L’objectif était de rallier Saint-Jean-Pied-de-Port en onze étapes pour la première partie du chemin. Si les sept cents cinquante kilomètres du périple furent agrémentés de courbatures et de suées conséquentes, si les crevaisons et les orages se montrèrent fidèles au rendez-vous, les moments d’amitié profonde, les rencontres pleines d’humanité et la dimension sacrée du Saint-Jacques, devaient imprimer pour toujours le cœur des trois hommes, chacun à leur façon, en leur donnant la conviction que ce chemin est véritablement habité par l’Esprit. Impossible d’en douter, que ce soit chaussés de Pataugas ou de cales pour pédales, les kilomètres qui s’accumulent vivifient le corps et élèvent l’âme qui pèlerine. Dans l’espoir de partager son expérience, Alain s’est initié à l’informatique adaptée aux déficients visuels en écrivant son témoignage qui sera édité aux éditions du Lys bleu d’ici quelques semaines sous le titre : “Un chemin à contre peur“. 

La certitude de se remettre en selle l’année suivante était acquise. Le chemin espagnol débutera à Navarrenx le 13 juin et ralliera Saint-Jacques en une douzaine de jours, où “nous remercierons le Saint de nous avoir accueillis et permis de mener à terme cette magnifique aventure humaine et spirituelle. Nous nous sommes préparés en créant même une association qui se nomme : Le tandem t’emmène. Elle a pour but d’encourager et de conseiller d’autres handicapés ainsi que leurs aidants à vivre la même expérience.”

L’année dernière, à l’occasion d’une conférence de presse, une sympathique réunion de soutien s’est tenue en présence des Pères Ollu et Dursapt.

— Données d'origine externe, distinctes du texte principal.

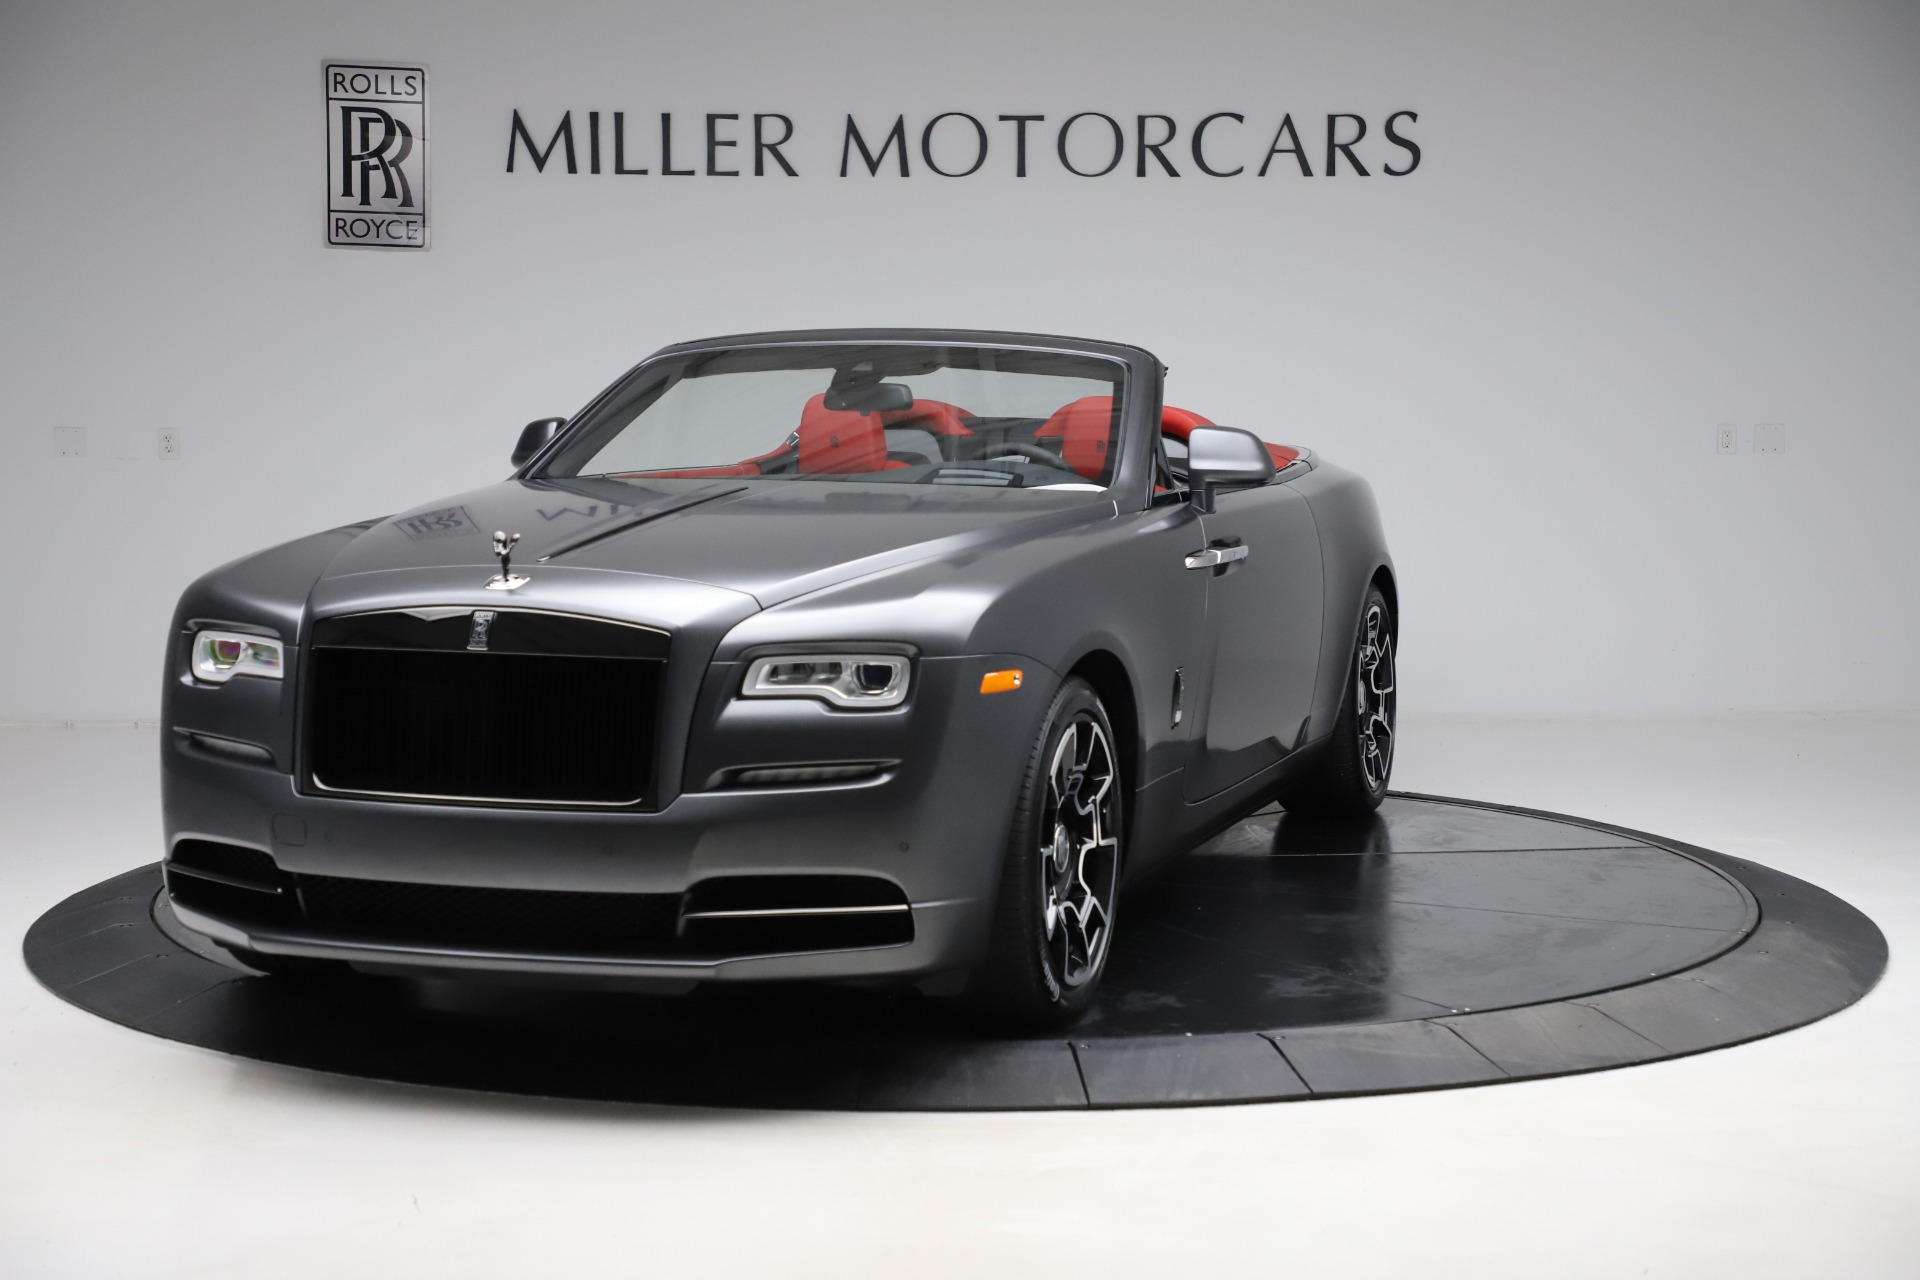 Roll In Stylish Luxury With This 2016 RollsRoyce Dawn Convertible

Le premier, après une bénédiction de l’équipage, a remis la crédenciale et le second a offert une touchante méditation sur le sens du pèlerinage.

Cette année, un nouveau départ se fera le 8 juin à 11h dans le jardin du Camino, rue de la Manécanterie, à l’ombre de Notre-Dame du Puy.
Vous y êtes très amicalement invités.